__TASK ITEM__. A faithful copy of all the data is the goal; omit the pictures.

__AVAILABLE DATA__.
┄┄┄┄┄┄
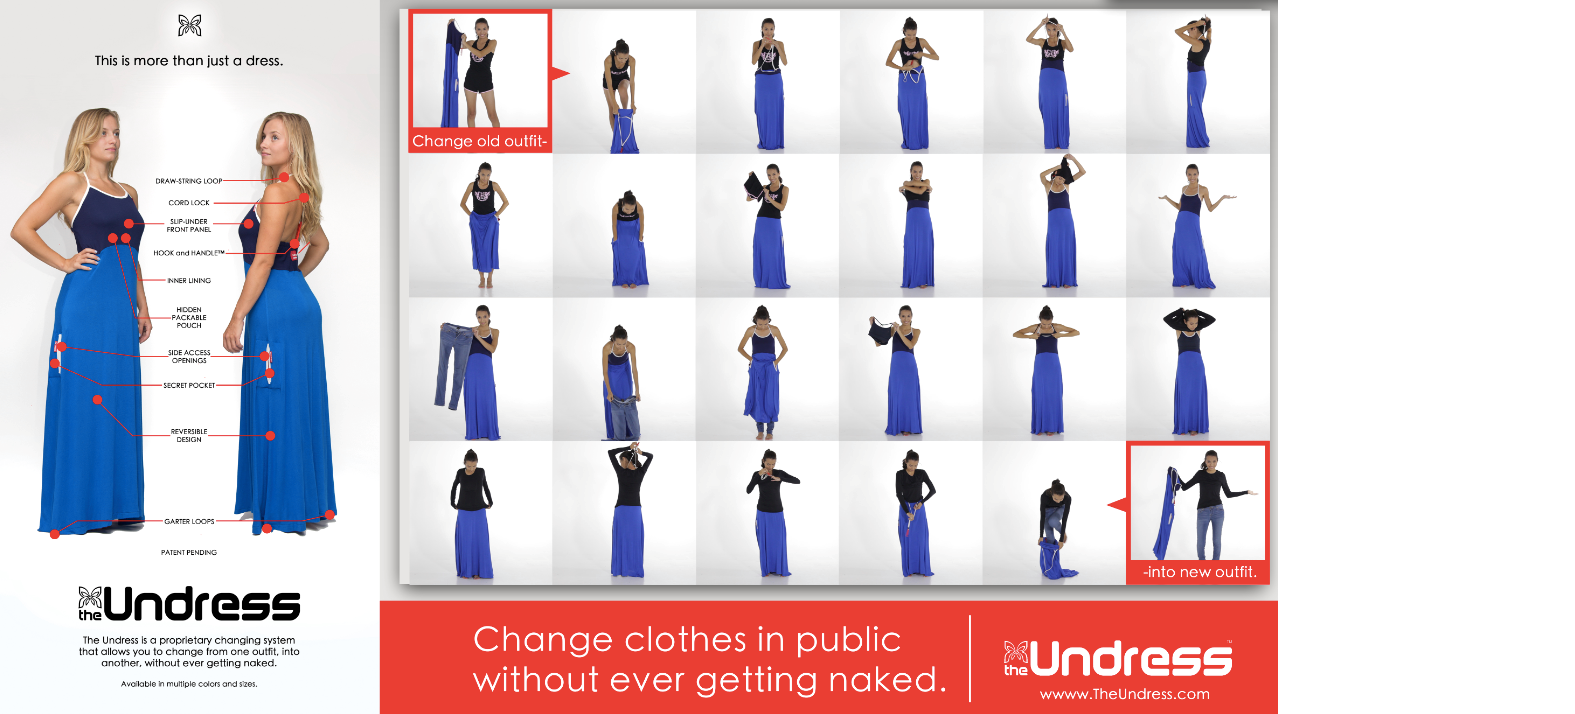 dress and undress women
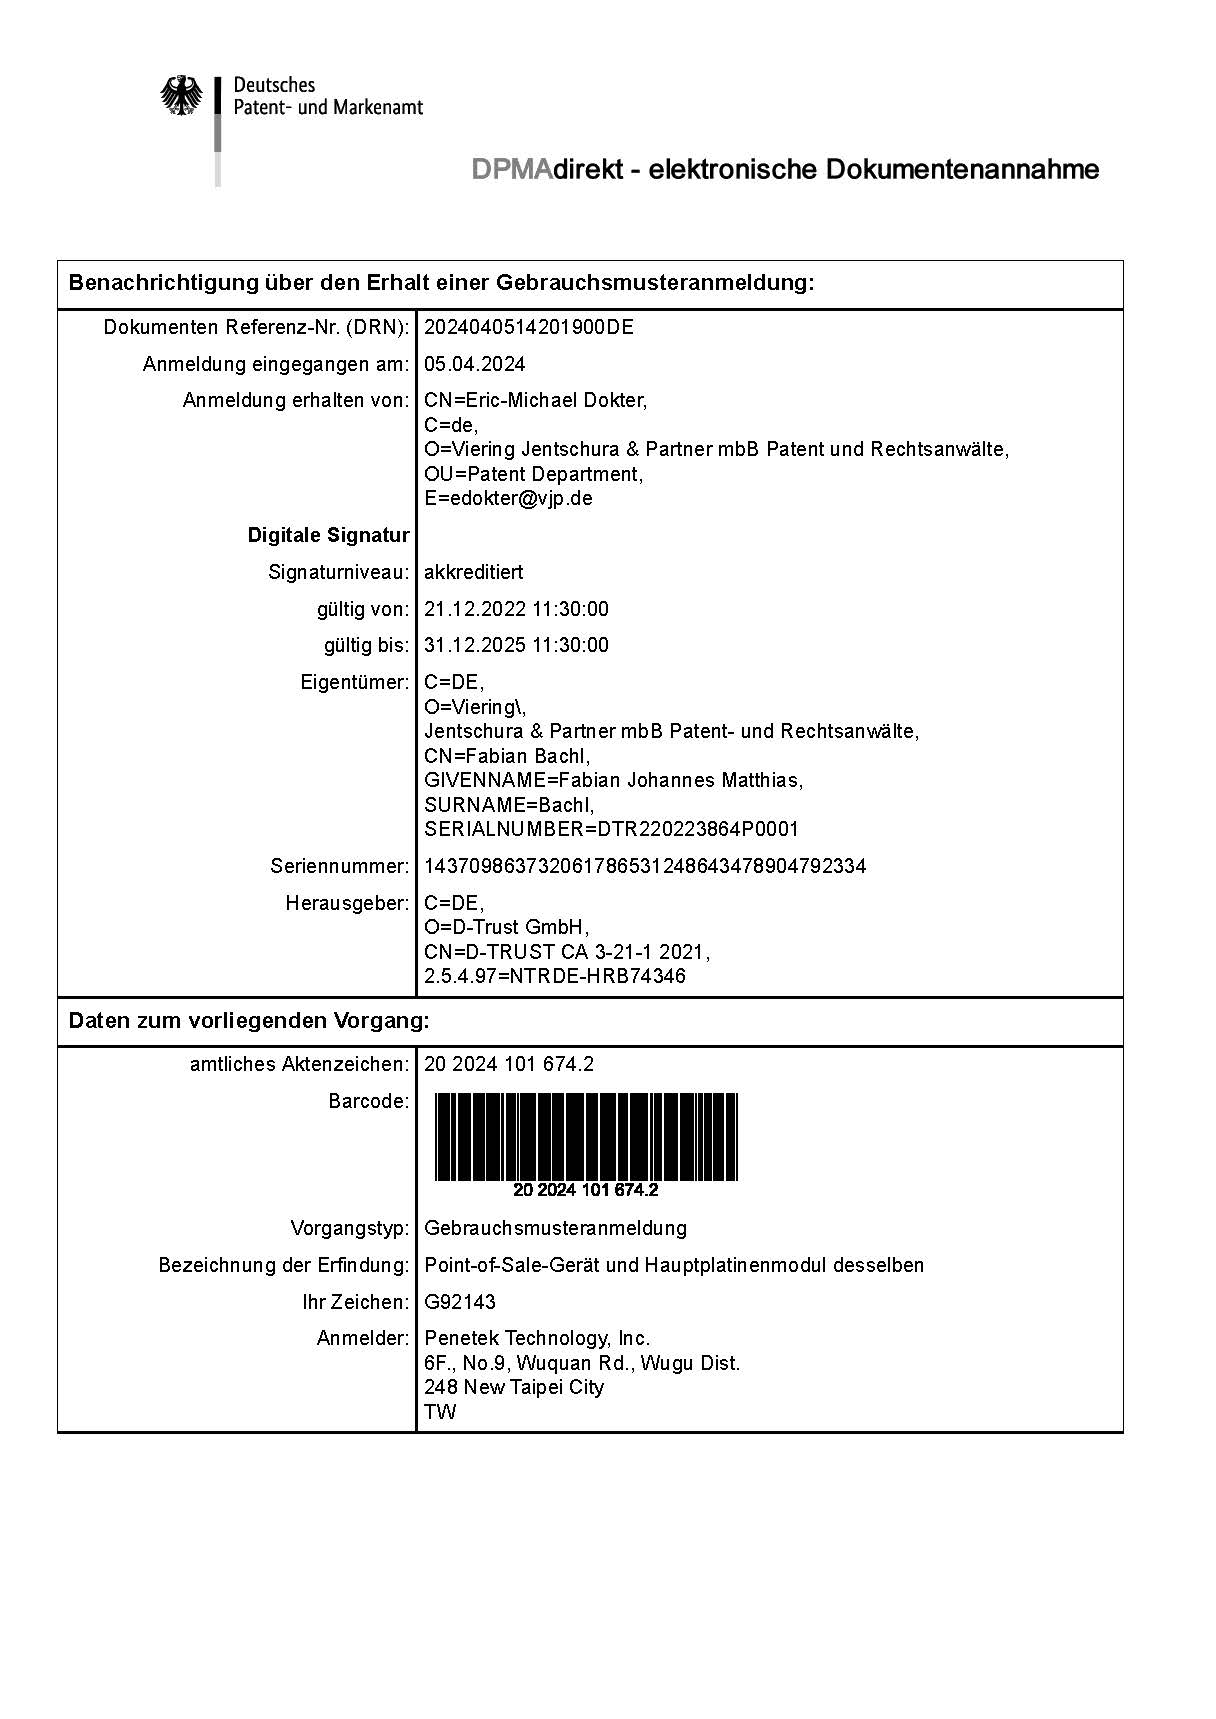 Modular_POS_POE_German Patent
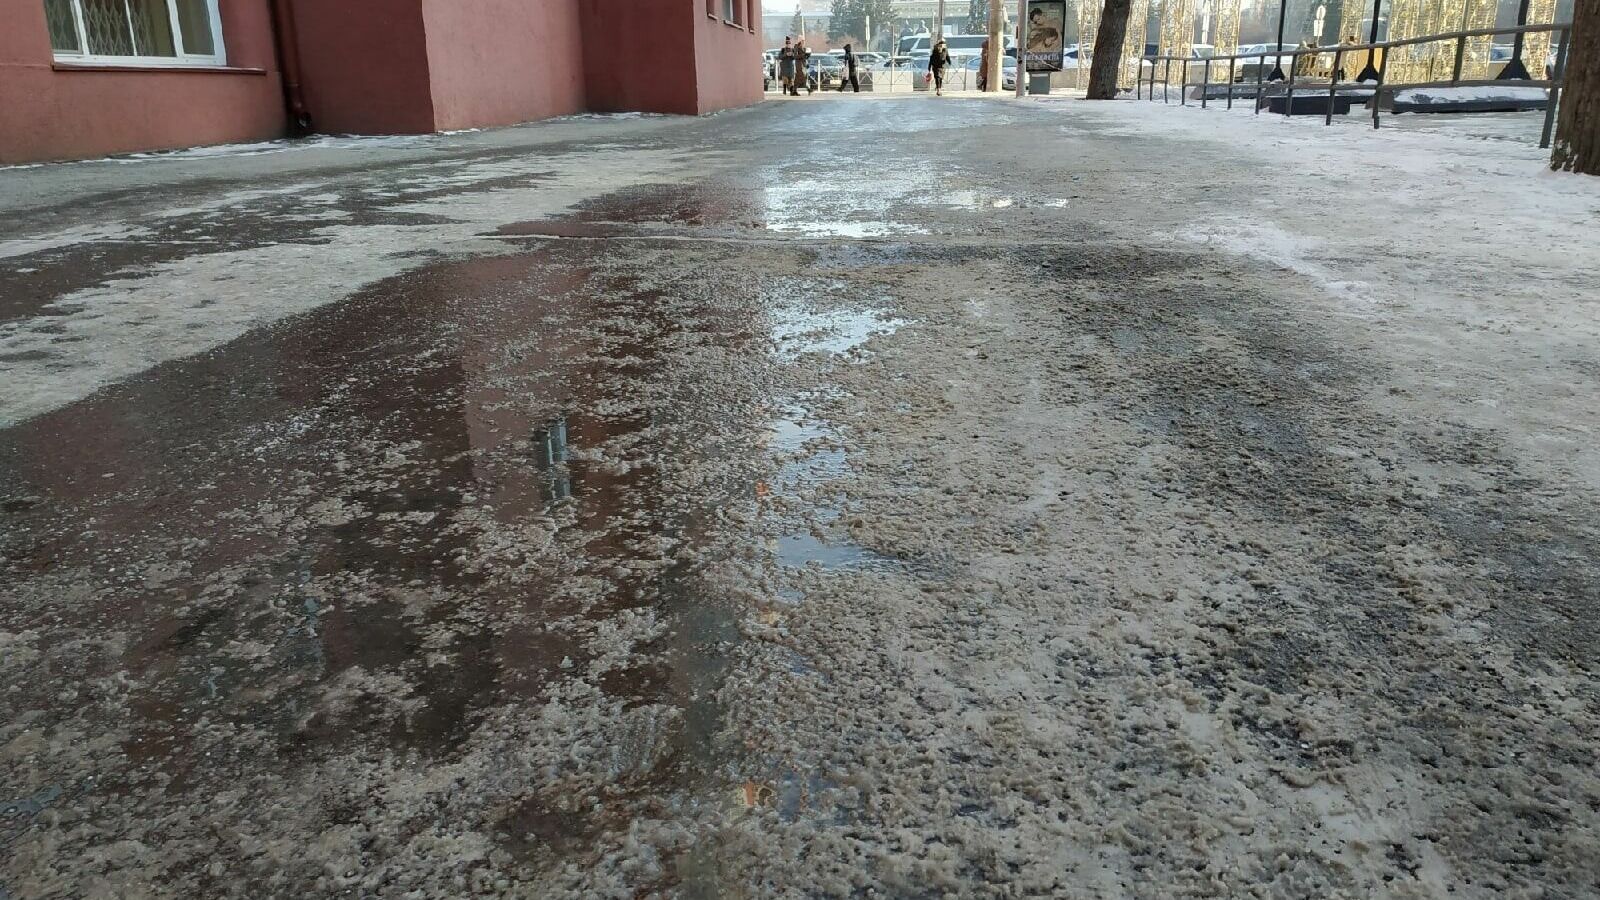 Для морозной погоды тротуар на улице Ленина выглядит странно
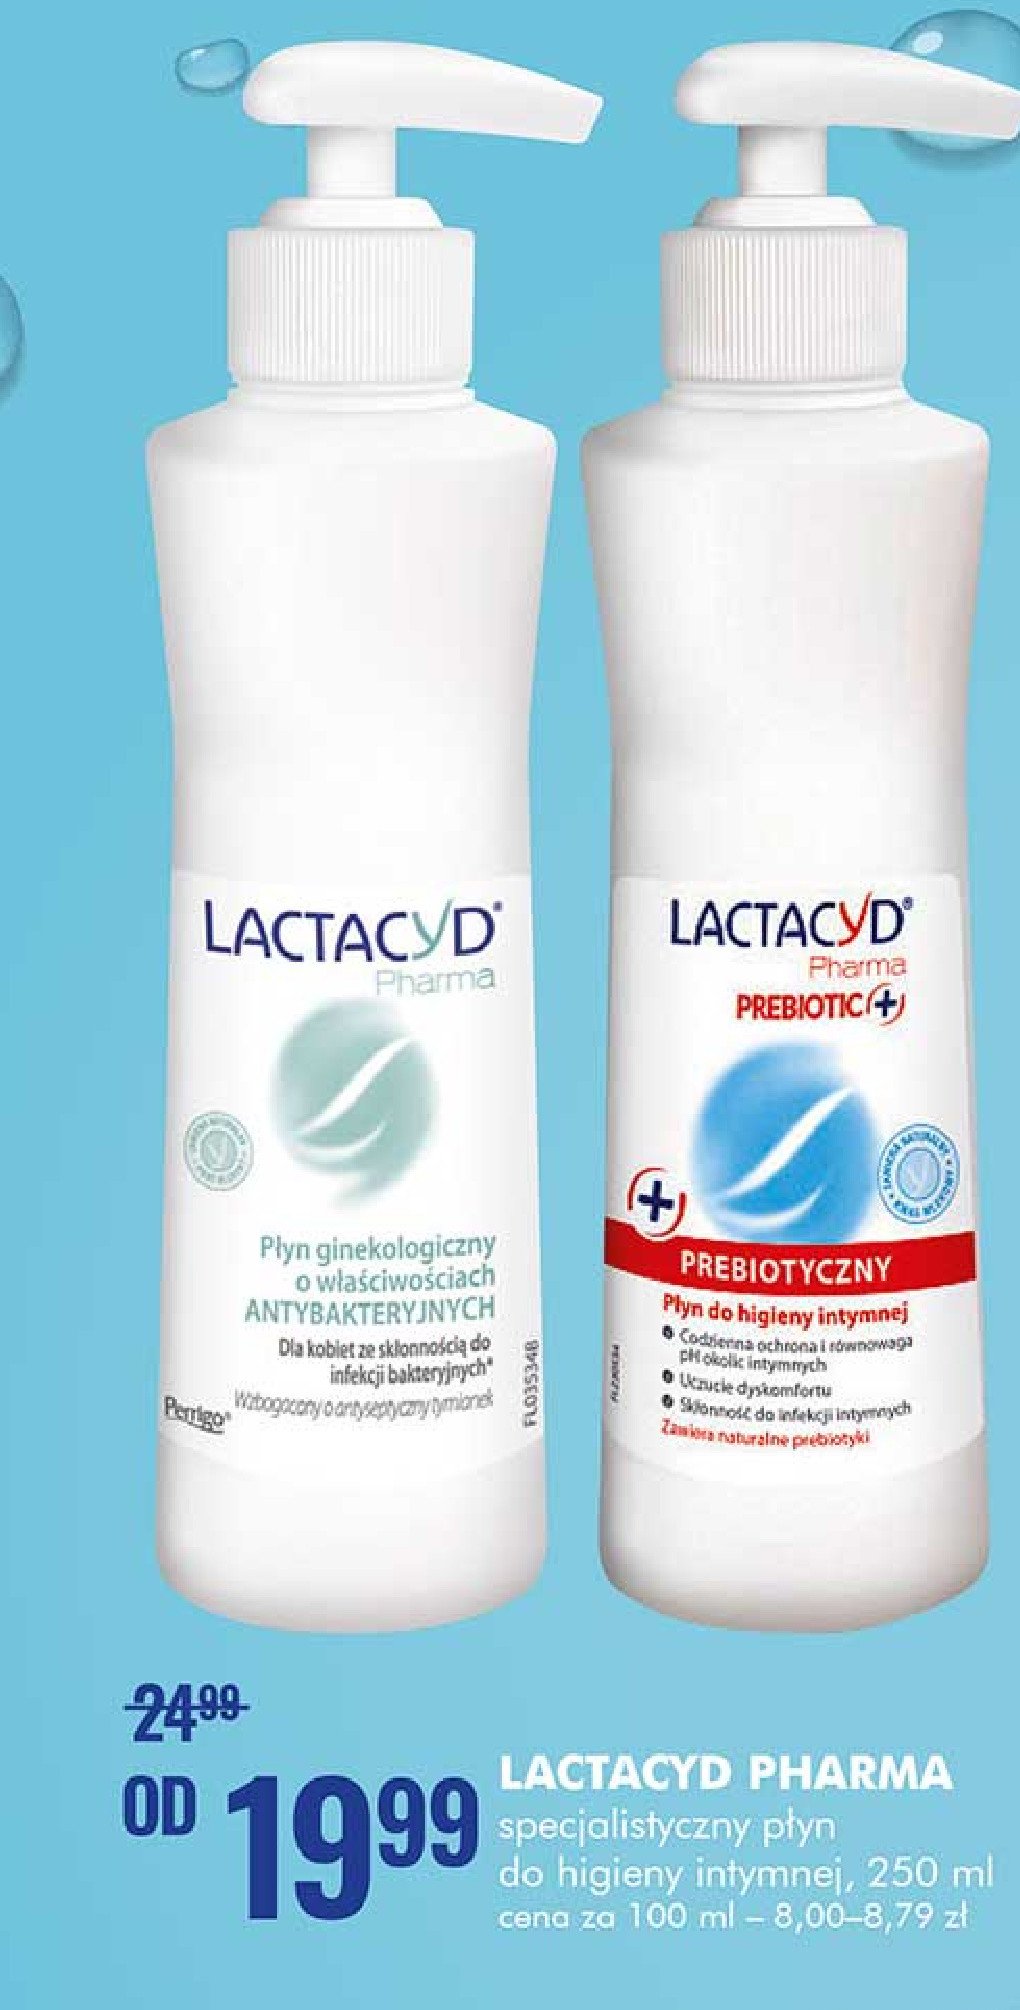 Płyn ginekologiczny antybakteryjny Lactacyd pharma promocje
┄┄┄┄┄┄
__ANSWER TO THE EXERCISE__.
 dress and undress women
 Modular_POS_POE_German Patent
 Для морозной погоды тротуар на улице Ленина выглядит странно
 Płyn ginekologiczny antybakteryjny Lactacyd pharma promocje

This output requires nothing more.